# hydraulic driven Snapper 36" snowblower



## hosshunter (Jan 16, 2011)

I built this hydraulic driven Snapper 36" snowblower to fit my John Deere 212. High torque motor (1062 rpm) and 6 gpm pump. 5 gallon hydraulic oil tank, 18 volt direct wired drill for chute rotation, linear actuator for chute elevation (added after photos). Will go thru the pile at the end of the driveway left by the snowplow with ease. Working on a 42" blower for my John Deere 216 right now


----------



## BOSMECH (Dec 16, 2010)

Man what a snow destroyer you got there.


----------



## bwdbrn1 (Nov 24, 2010)

I agree, but in your pictures it's all dressed up and no where to go. Looks like you were smart and got things ready ahead of time. I'm guessing you've gotten some snow since those pictures were taken.


----------



## hosshunter (Jan 16, 2011)

I had plenty of snow to play with.
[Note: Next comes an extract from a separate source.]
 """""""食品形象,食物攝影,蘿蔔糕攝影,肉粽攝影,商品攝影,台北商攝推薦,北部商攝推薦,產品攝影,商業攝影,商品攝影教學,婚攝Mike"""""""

Blower is dialed in and running great. I just got in from wideing the snow piles left by the snowplows at the end of the driveway and sidewalks. I was going thru snow that was piled 1 to 2 feet higher then the blower and it never clogged or stopped. It almost seems to like this piled snow more then fresh snow.
I just got a 42" MTD snowblower that I am thinking about converting to hydraulic drive for my John Deere 216.


----------



## BOSMECH (Dec 16, 2010)

What a beast you have made, I bet it was a blast and the wife could not get you off of it.


----------



## gecko991 (Jan 7, 2012)

I like that idea. I also have a beefy JD 317 setup for pushing snow that I may consider a blower for.


----------



## HCBPH (Mar 8, 2011)

*Hydraulic blower*

Now that's an impressive shop built machine. Sounds like a great solution and being it's hydraulic, does that mean you can reverse it if need be?


----------